Пожалуйста, ты можешь получить самый высокий, в конце концов, в чём проблема. Но простите, вот это не имеет отношения к архитектуре. А другое — я размышляю на тему того, что вот, у меня есть компания, мы что-то из себя представляем, мы себя как-то позиционируем. Мы видим своё собственное будущее, мы хотим, чтобы мы оставались этим будущим. Мы хотим себя как-то представить и тем самым сказать, что мы такое есть. Классический пример: «Ллойдс» в 80-е годы строит штаб-квартиру в Лондоне и заказывает на тот момент известному, но не самому известному архитектору Роджерсу, который построил центр Помпиду, дико авантажный музей современного искусства. А они ему заказывают штаб-квартиру главной страховой компании мира. Когда мы думаем, что такое страхование, мы говорим «Ллойдс».

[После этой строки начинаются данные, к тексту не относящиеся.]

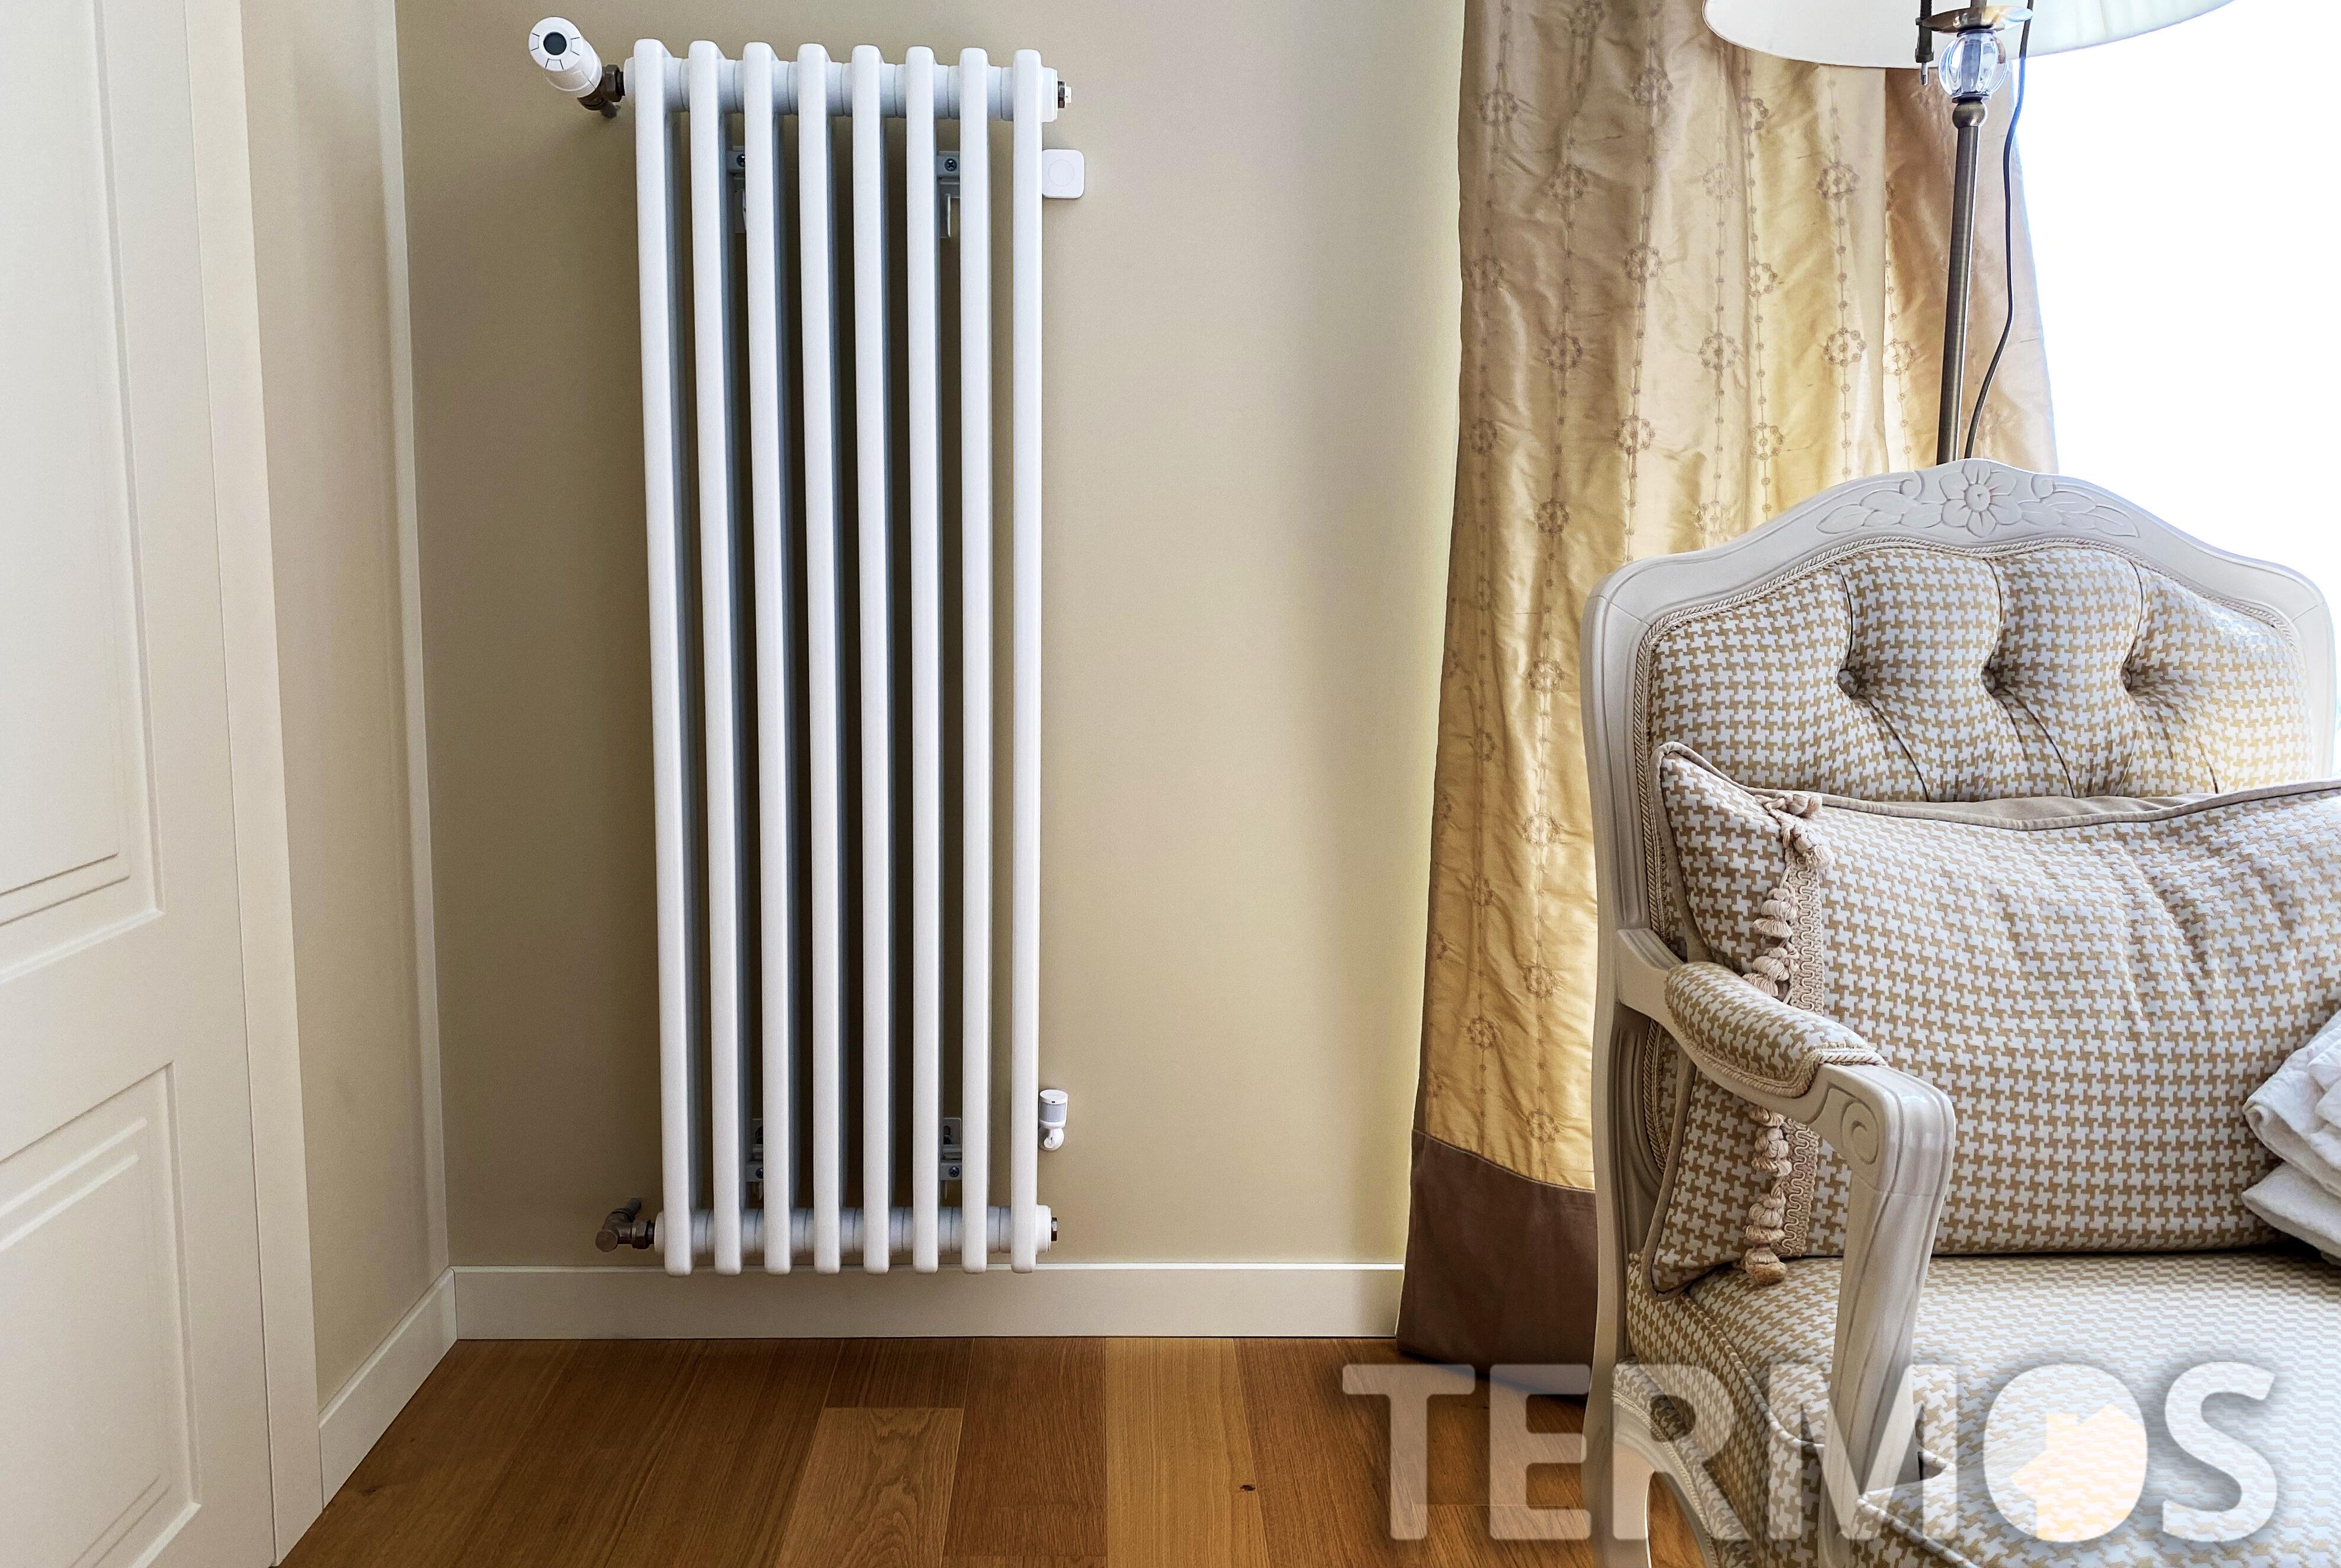 Стальные трубчатые радиаторы имеют привлекотельный внешний вид, относятся к дизайнерским типам радиаторов

И он строит фабрику из стали и бетона для них, воспринимает это как то, что они олицетворяют собой — они есть процесс фабричного производства денег в конечном итоге и надёжности в том, что деньги эти производятся. И вот он это строит, и они не говорят ему: «Да ты что, сдурел? Что ты такое нам нарисовал, почему оно бетонное и стальное?» Нет, они перед этим вообще-то думали на тему того, что они хотят сказать. Потому что 80-е годы, Маргарет Тэтчер, Англия позиционирует себя иначе в мире, она перестаёт быть производящей страной. Она становится страной, которая вообще-то есть делание денег. Фондовый рынок, банки, страхования и новые технологии. И она должна показать не старорежимный образ себя, а новый образ себя, и они этот новый образ ищут и зовут архитектора, чтобы он им нашёл образ.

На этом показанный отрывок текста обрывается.